DIZZAMN KZ Jus call a brutha out yo!! that was funny as shizz though. we should probably cut the poor dude some slack,I hear the brimz aint been chewin lately! or maybe he's been busy tryin out for the new Outdoor Life channel's show,PIMP MY ROD!!


----------



## KodiakZach (Mar 16, 2005)

PIMPMY ROD? Yo, I gots 2 check that out yo. That sounds PHAT!!!! Killawheezy probly been chilling with his dawg... I hear it's a summa dog breed... Ya know.... summa dis, summma dat!


----------



## clinder (Mar 2, 2005)

seems like everybody here has had a few classes in ebonics!!!!yo im out.holla back.


----------



## cockroachjr. (Jul 18, 2005)

Nooo!.....couldn't be from VA he would of gotten mashed on a long time ago.
( ie.....blatant pysical disrespect,fisticuffs, a swift kick in the a$$) 

Looks like Timmy or Billy-Bob's Pop got a hold of the computer and tried to be cool.--- Dude you suck.

sincerly Deez Nutz!


----------



## Newsjeff (Jul 22, 2004)

> always good to hear from freinds,,yall be cool,Drop Duh Bomb Son!!!!,,,R.


Da rhondel is double frontin' a.ka. KillerWhale style.

Get Fish or Die Tryin'.


----------



## Shooter (Nov 14, 2004)

Yo Geeeeeeee, wazzzzzzzzzz up, yall be dissssen da hommie,,,, Geeee waz jus tryn to lay the smack down and yall be all up in the face not given da man his props.

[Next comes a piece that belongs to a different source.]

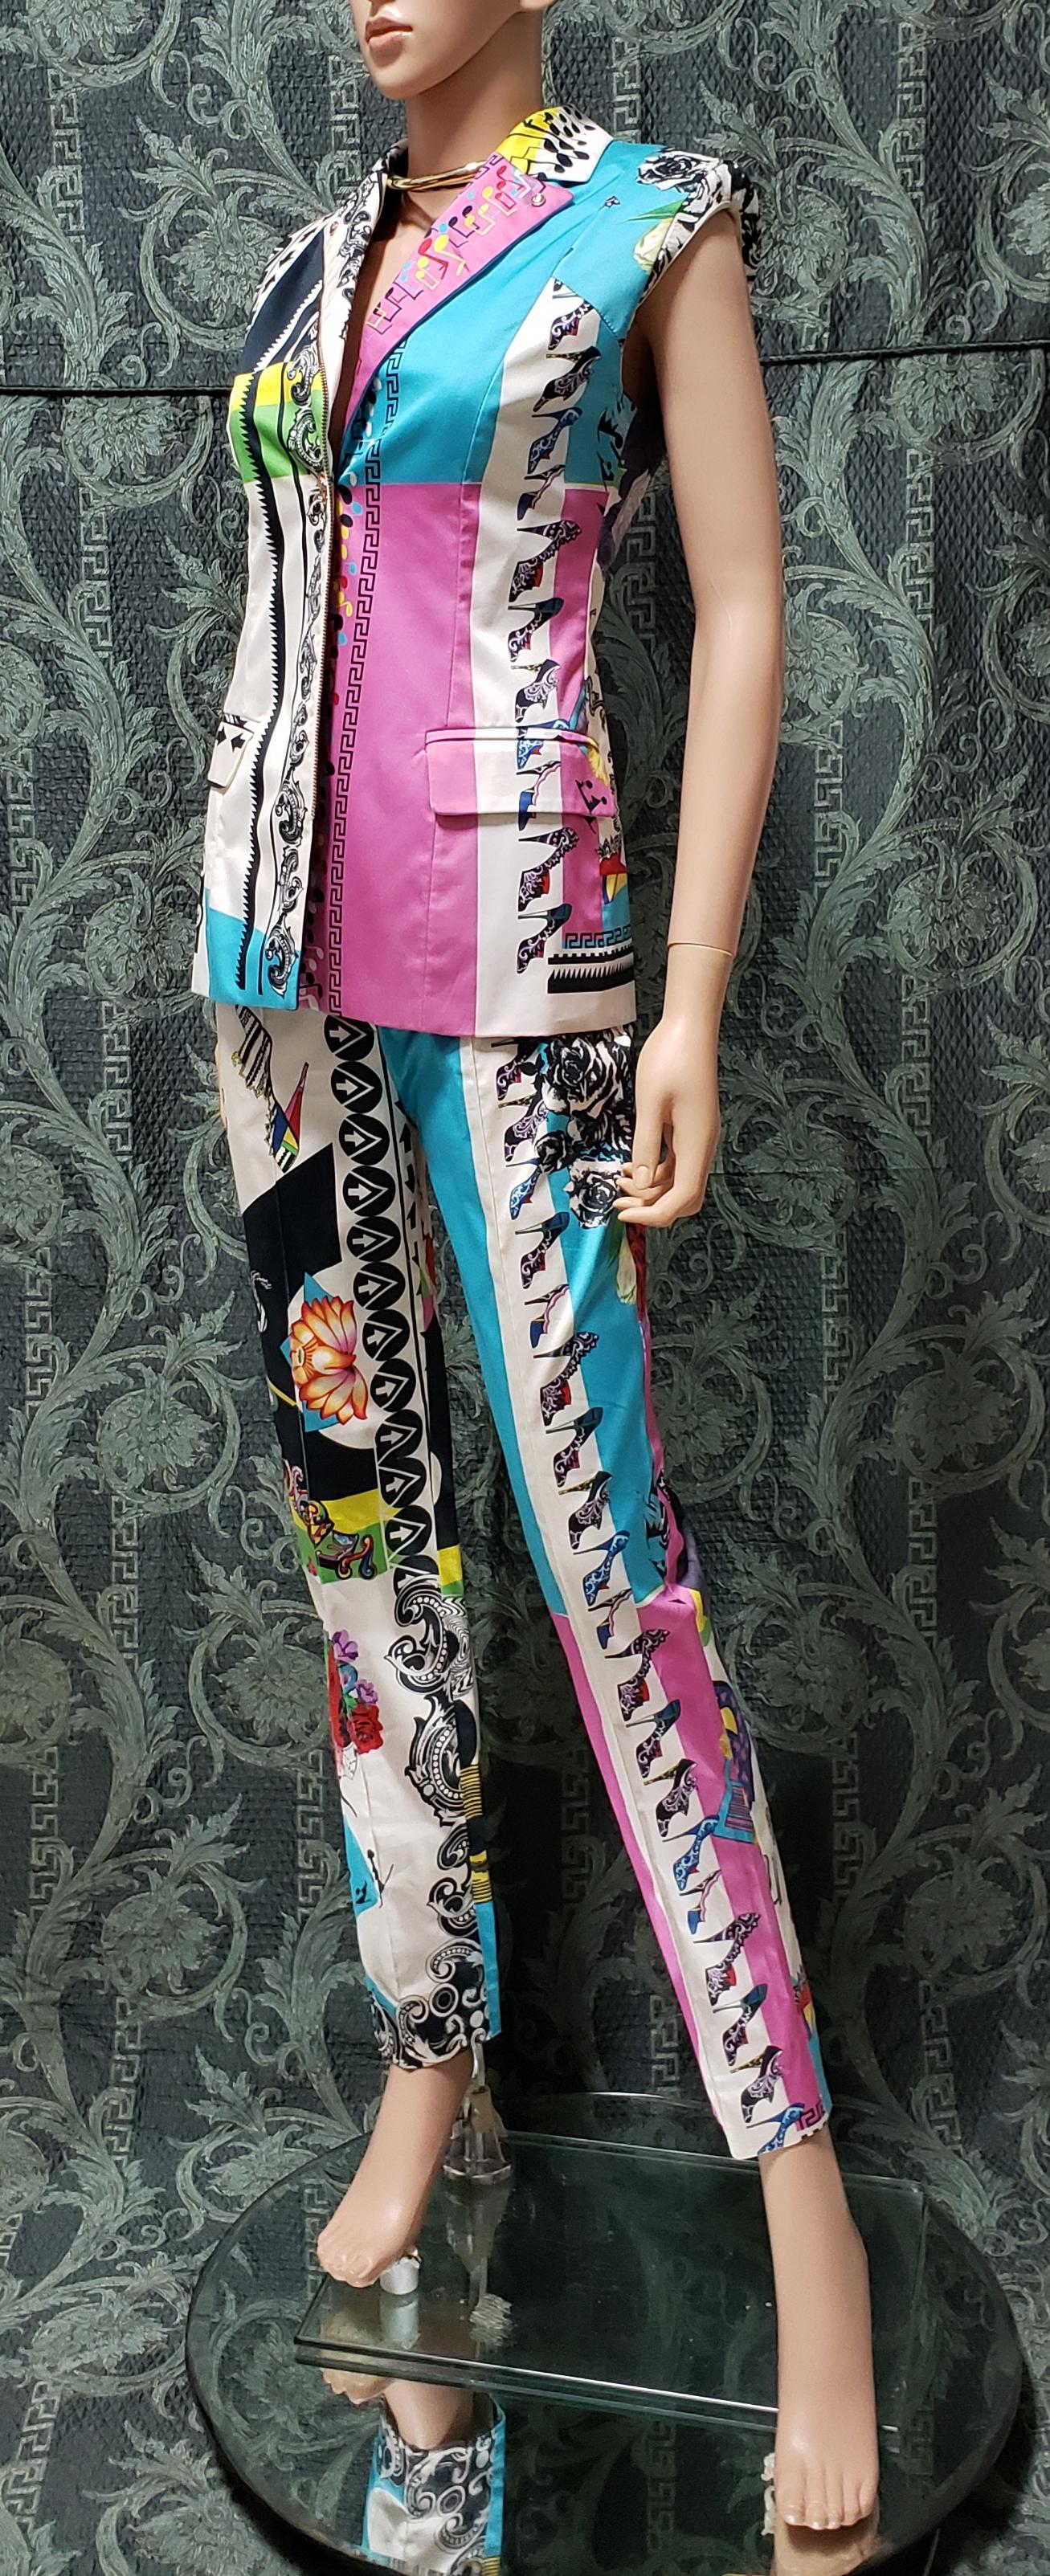 Gray Resort 2013 Look # 4 NEW VERSACE ICONIC PRINT PANT SUIT 38 - 2  For Sale

Ezzzz up or da man might havta pop a cap to keep his props in da hood....

The really sad thing is I understand what I just said,,, guess I been working around schools to long  and had to many kids threaten me,, guess they get a bit pizzed when I tell them when they get old enough to not have to sit to wizz come back


----------